Segment Start: RECORDED DATA
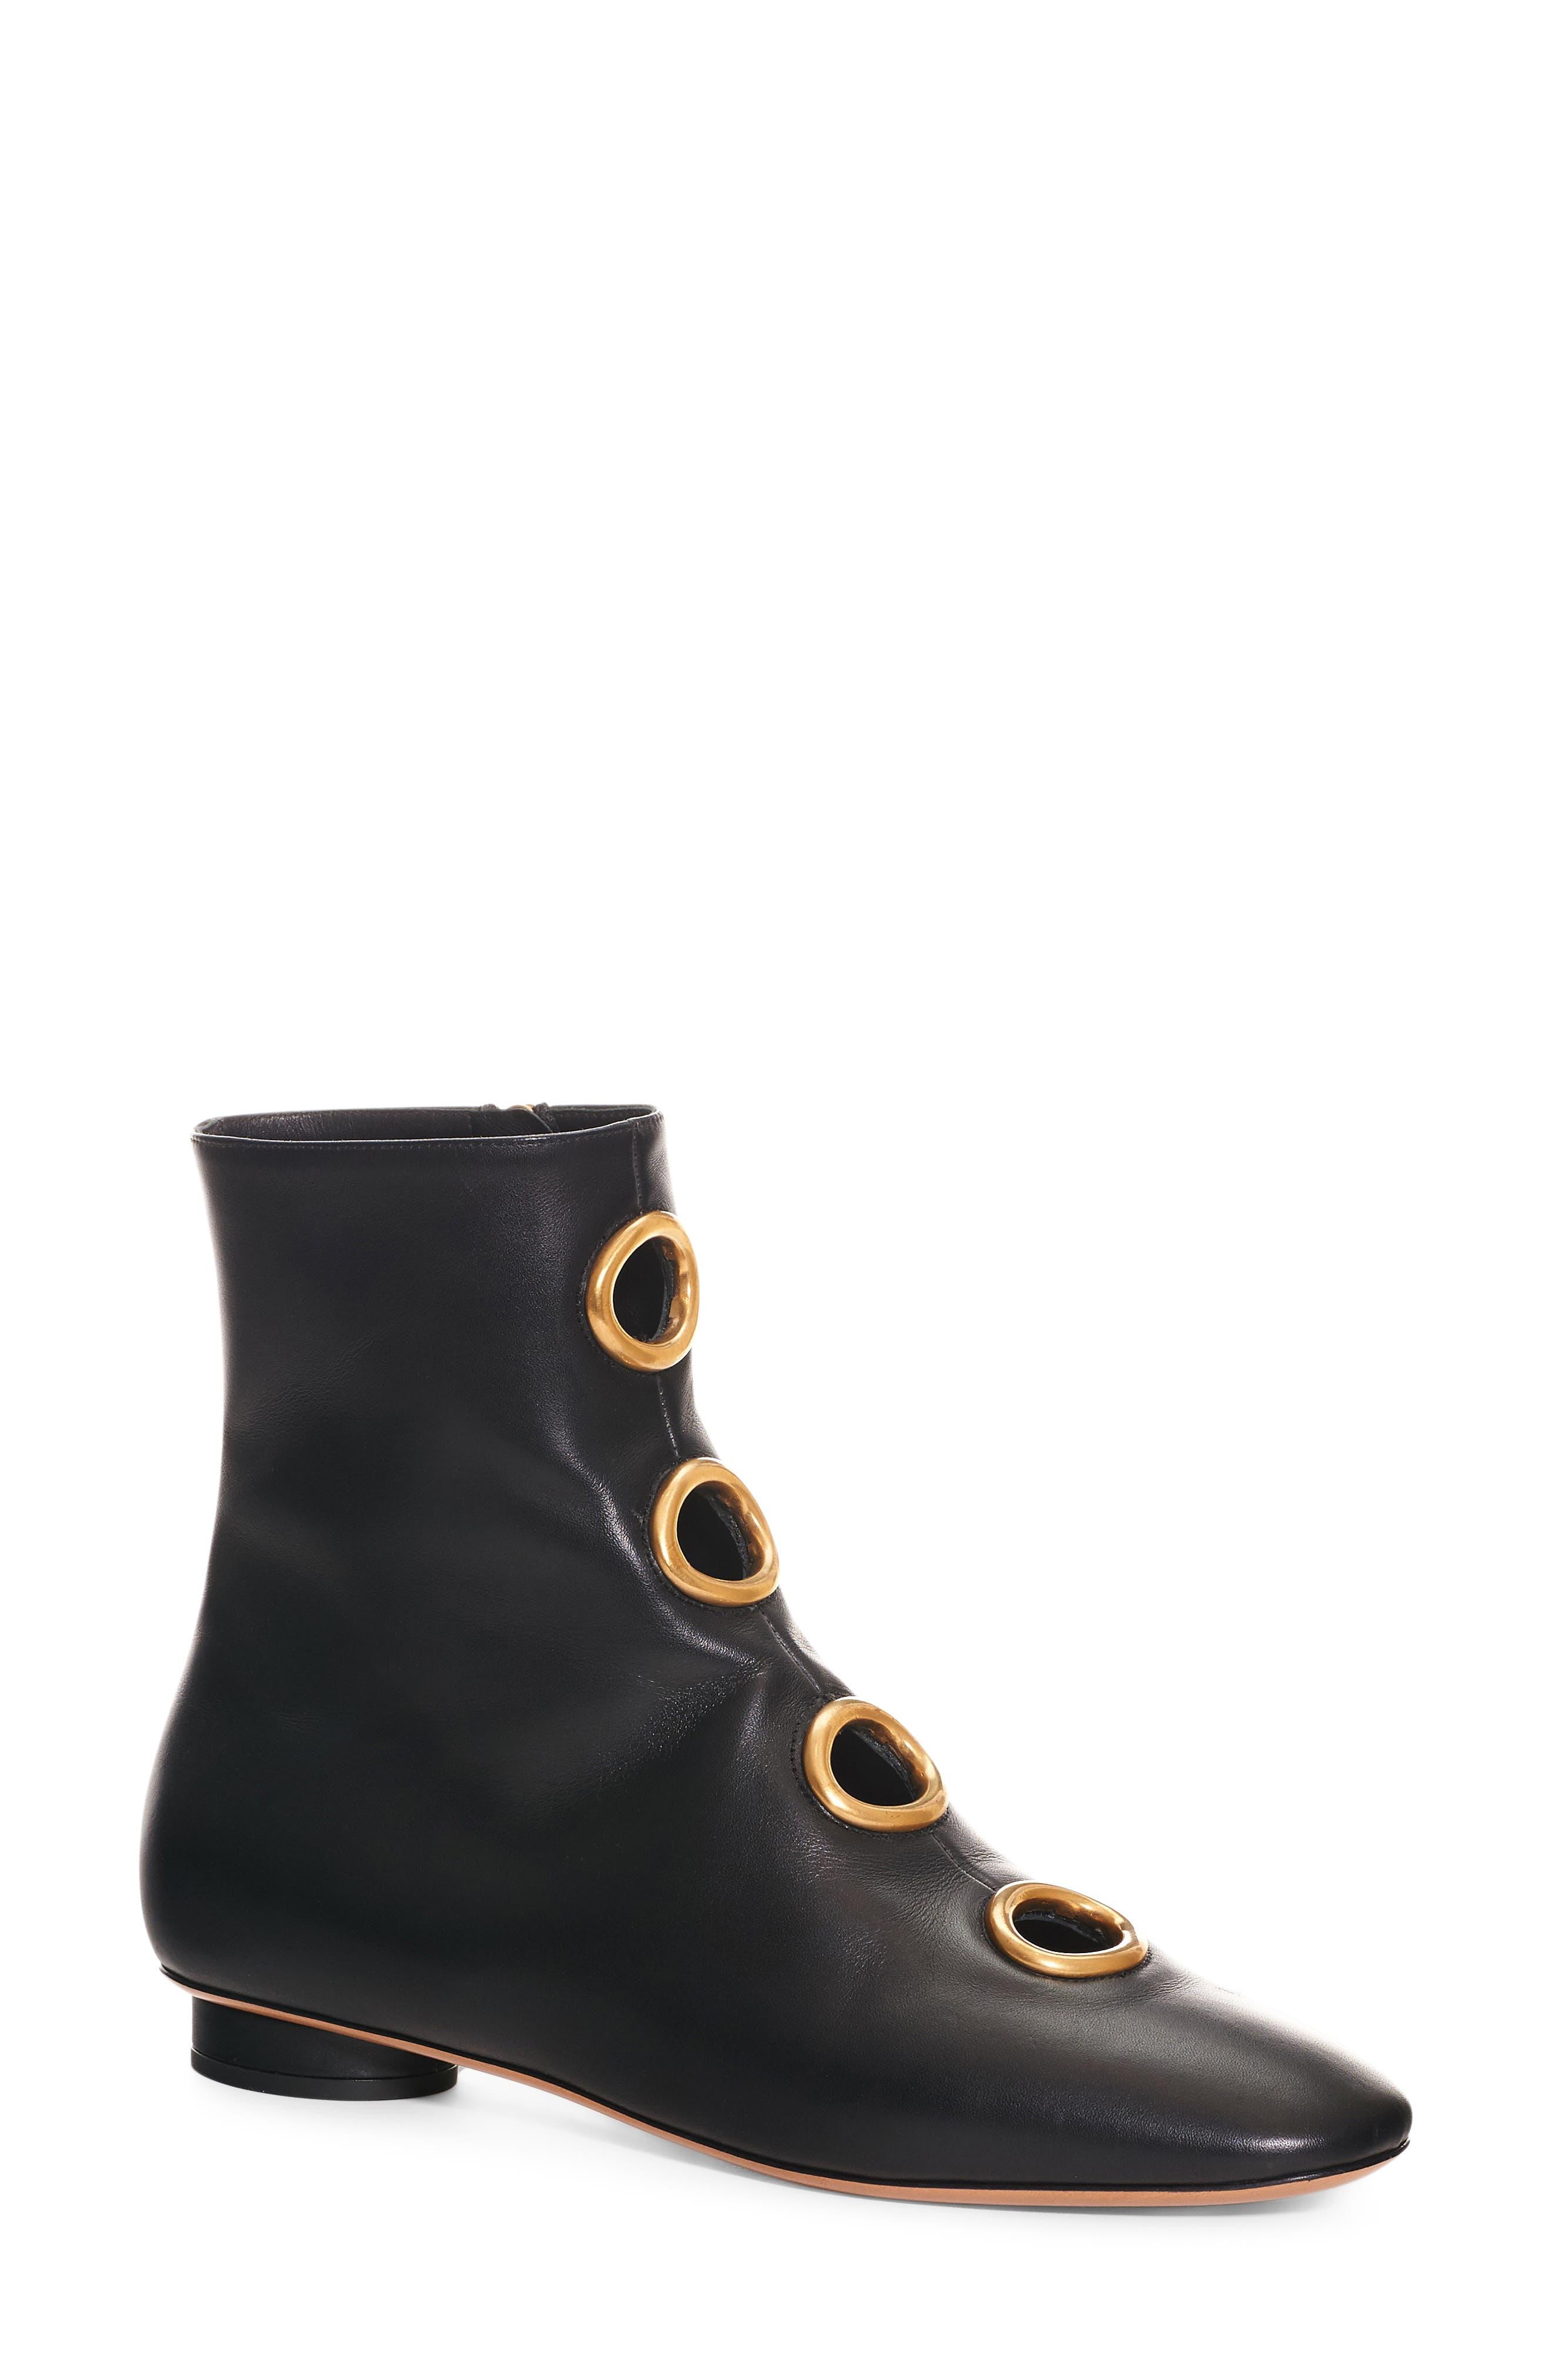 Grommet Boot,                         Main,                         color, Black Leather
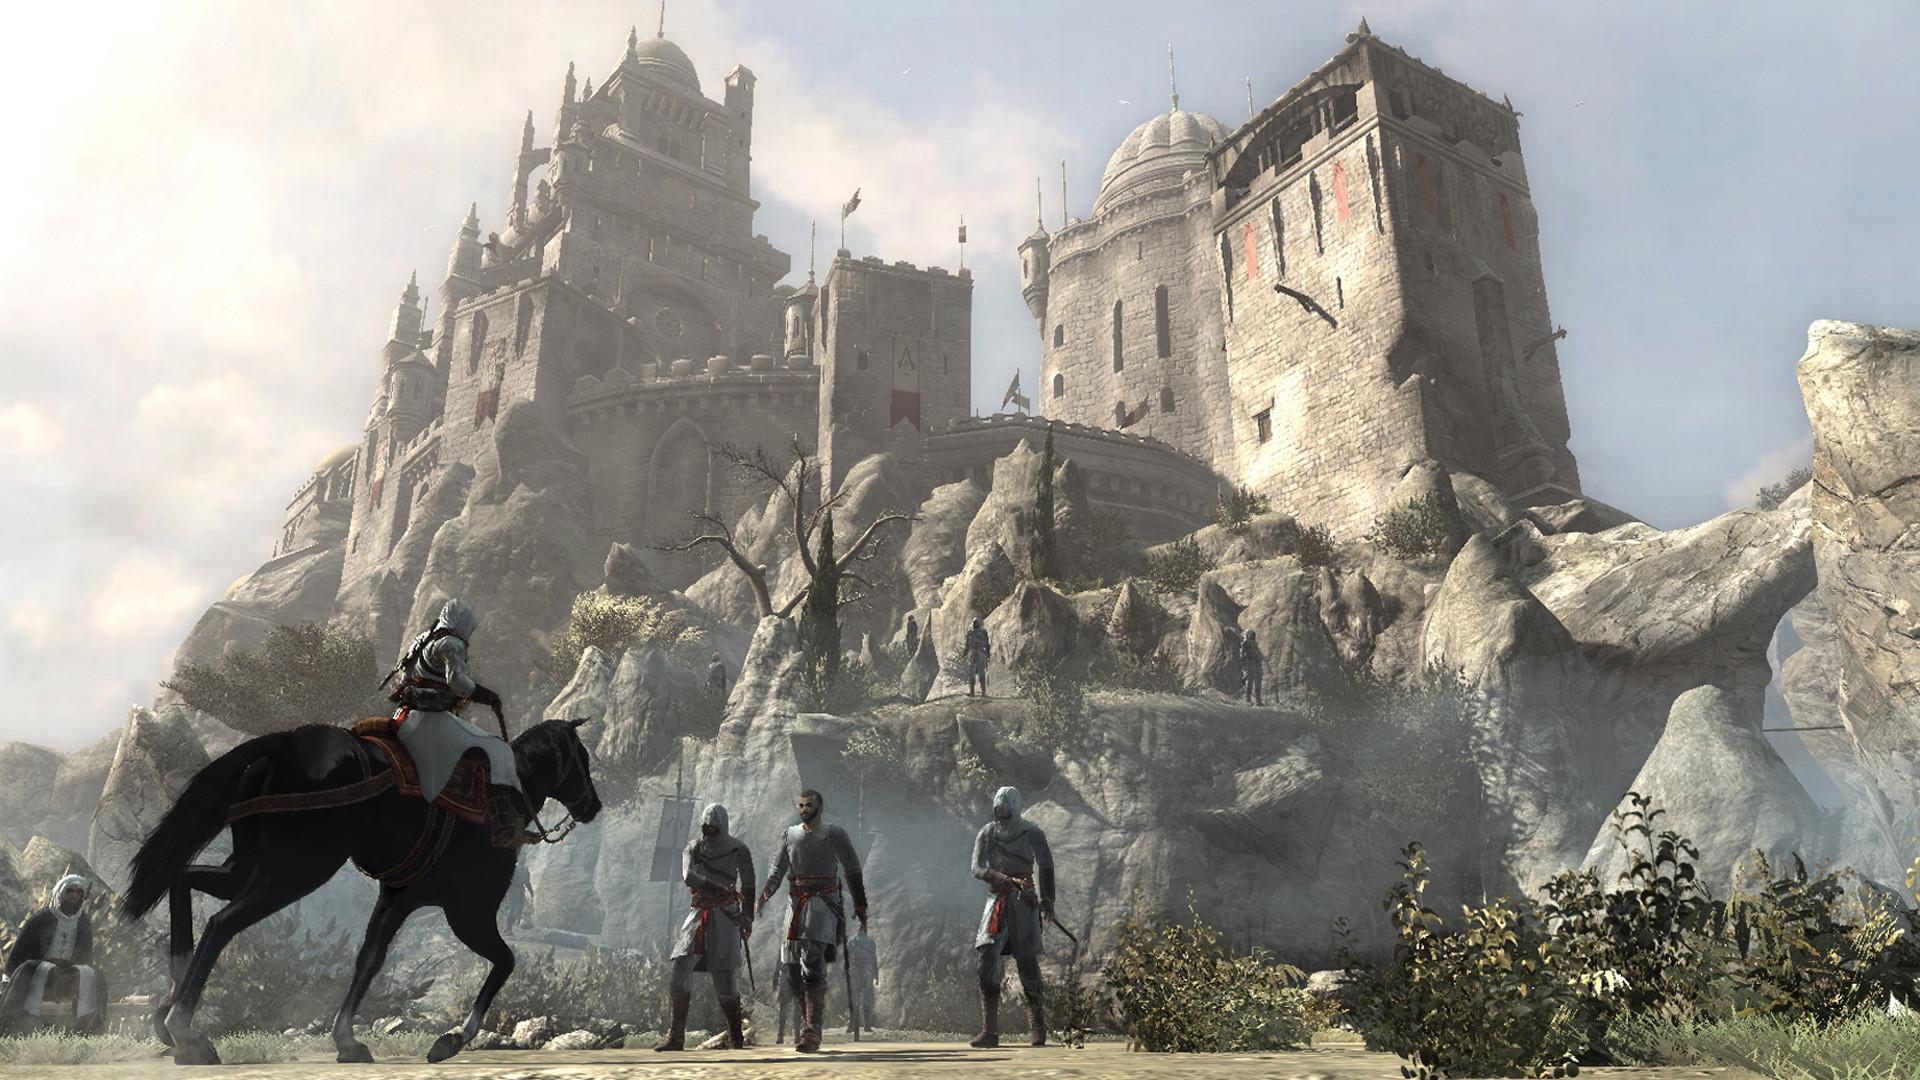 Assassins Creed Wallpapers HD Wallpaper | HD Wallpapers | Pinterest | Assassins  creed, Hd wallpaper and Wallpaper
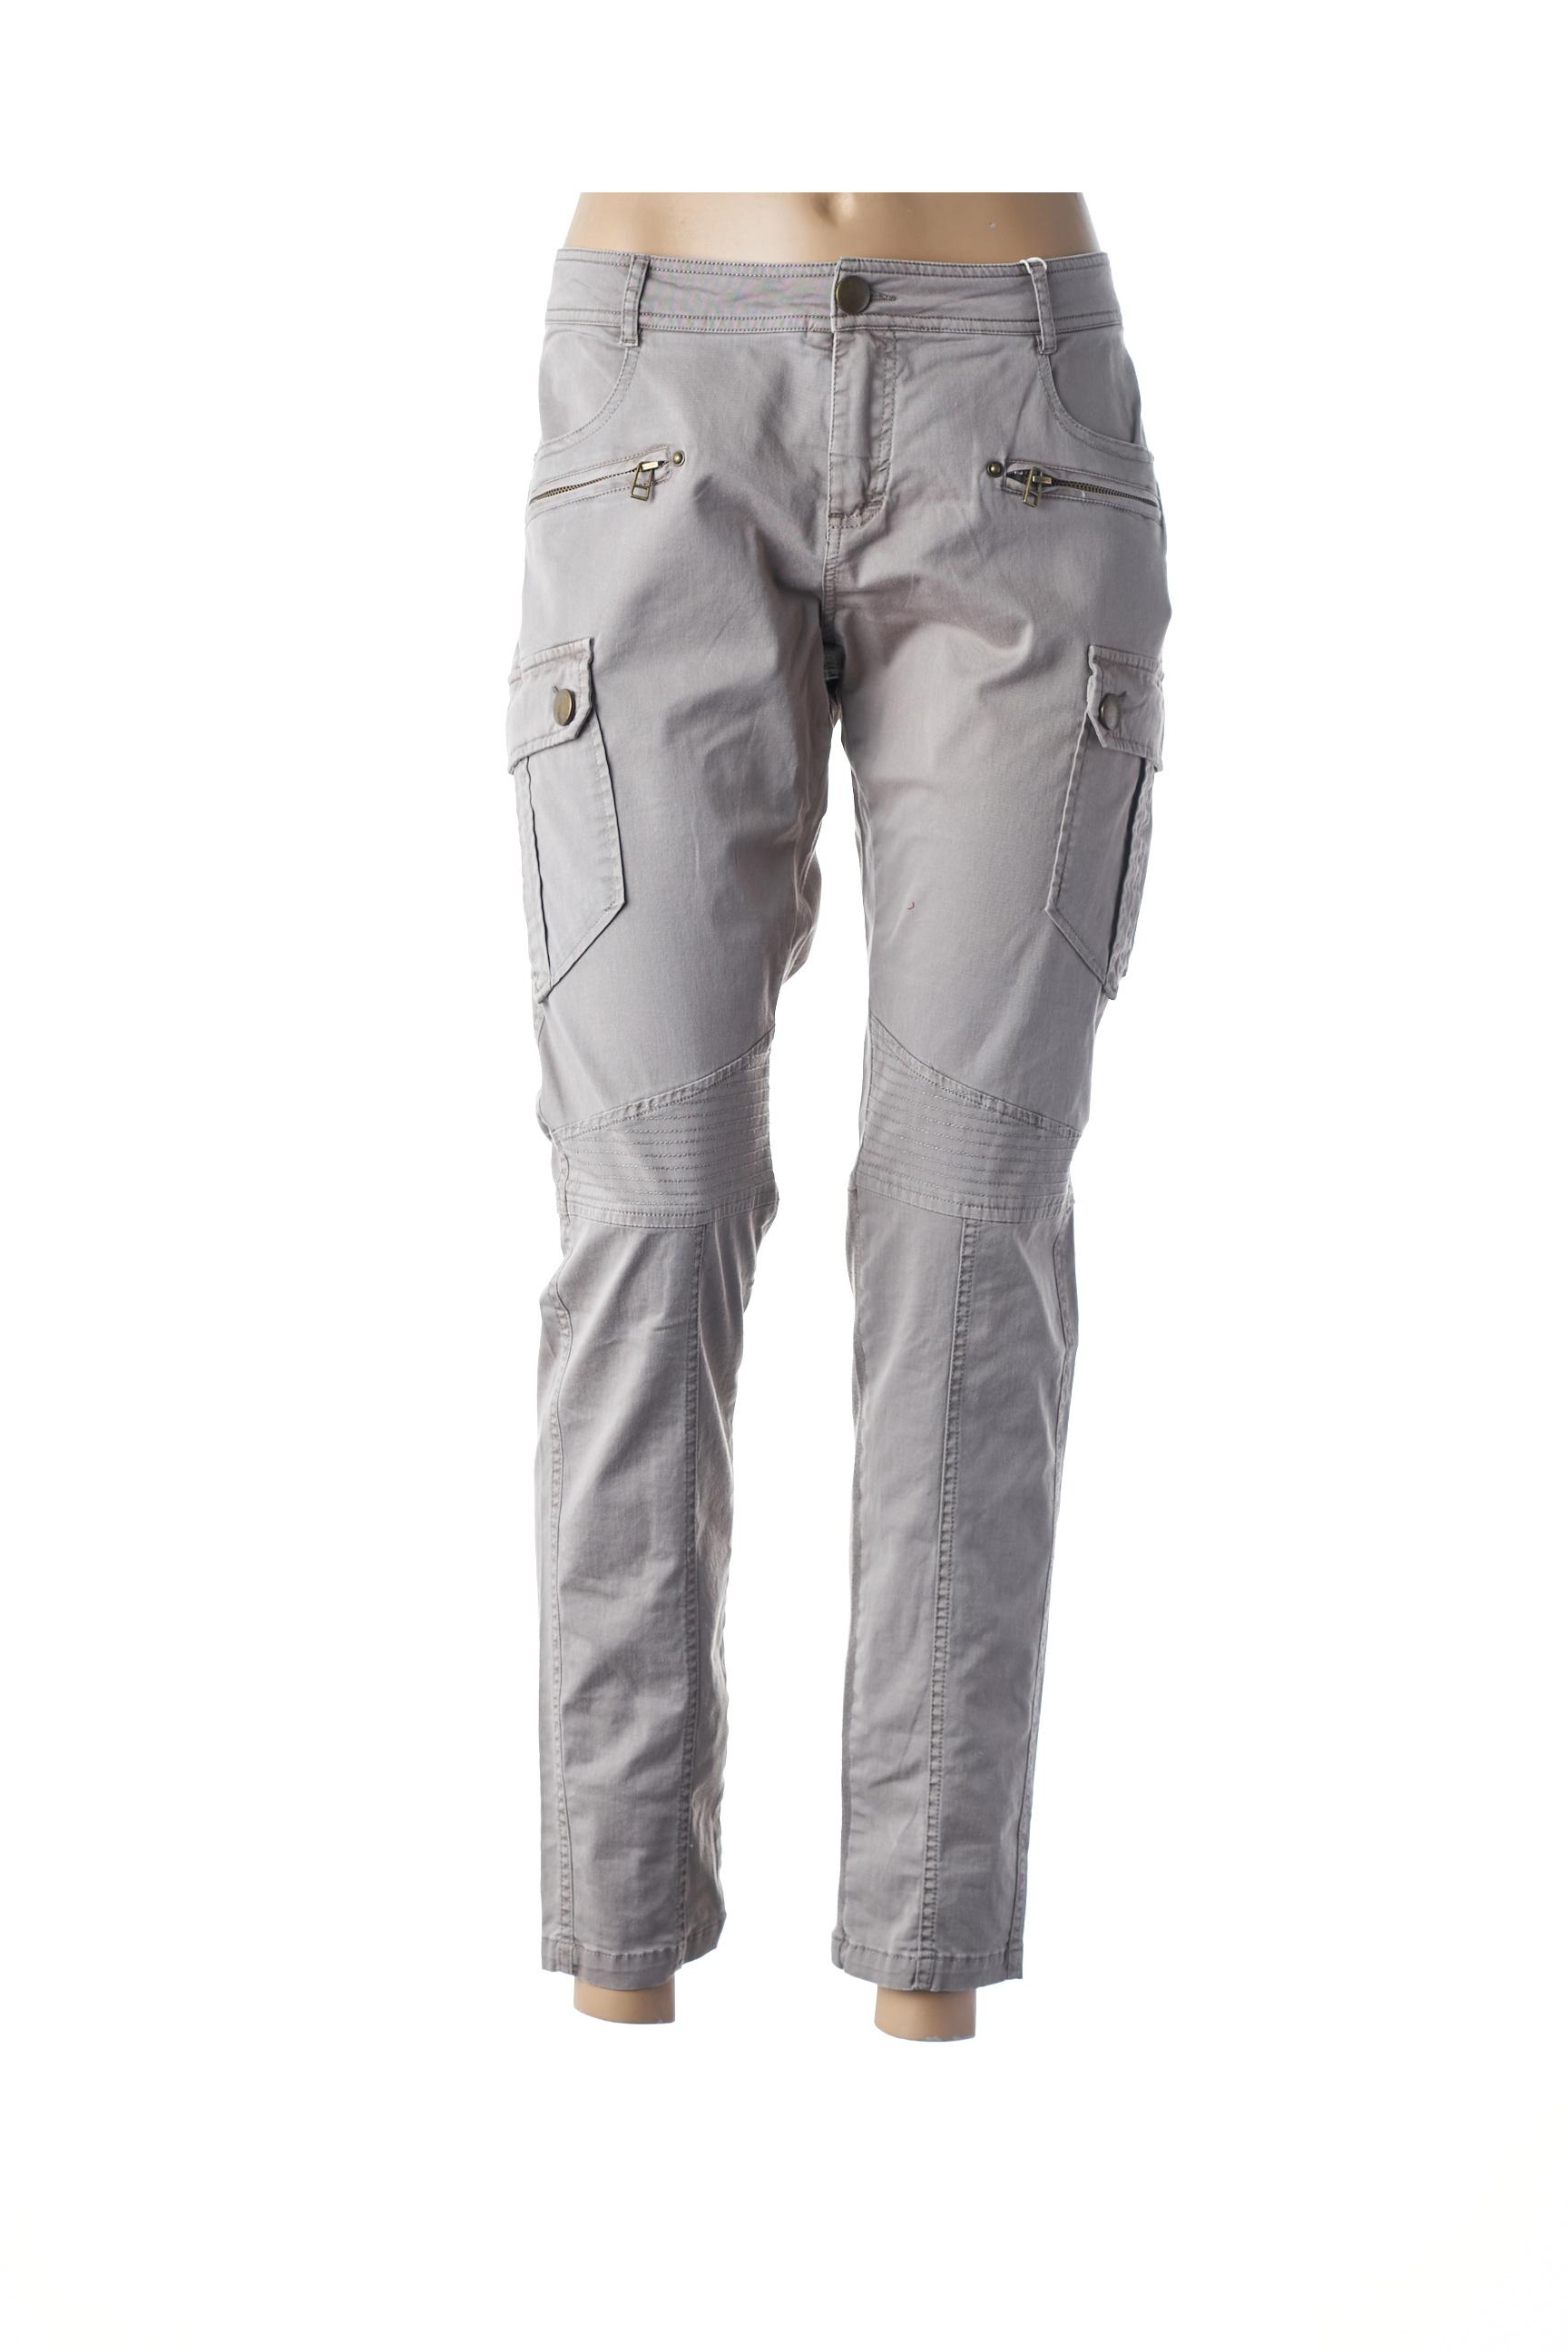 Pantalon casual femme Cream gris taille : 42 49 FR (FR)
Segment End: RECORDED DATA
WHAT TO DO = Please copy exactly, and only, the lines from the one that contains "Assassins Creed Wallpapers" through the last line of the data above, omitting all pictures.

PROBLEM SOLUTION =
 Assassins Creed Wallpapers HD Wallpaper | HD Wallpapers | Pinterest | Assassins  creed, Hd wallpaper and Wallpaper
 Pantalon casual femme Cream gris taille : 42 49 FR (FR)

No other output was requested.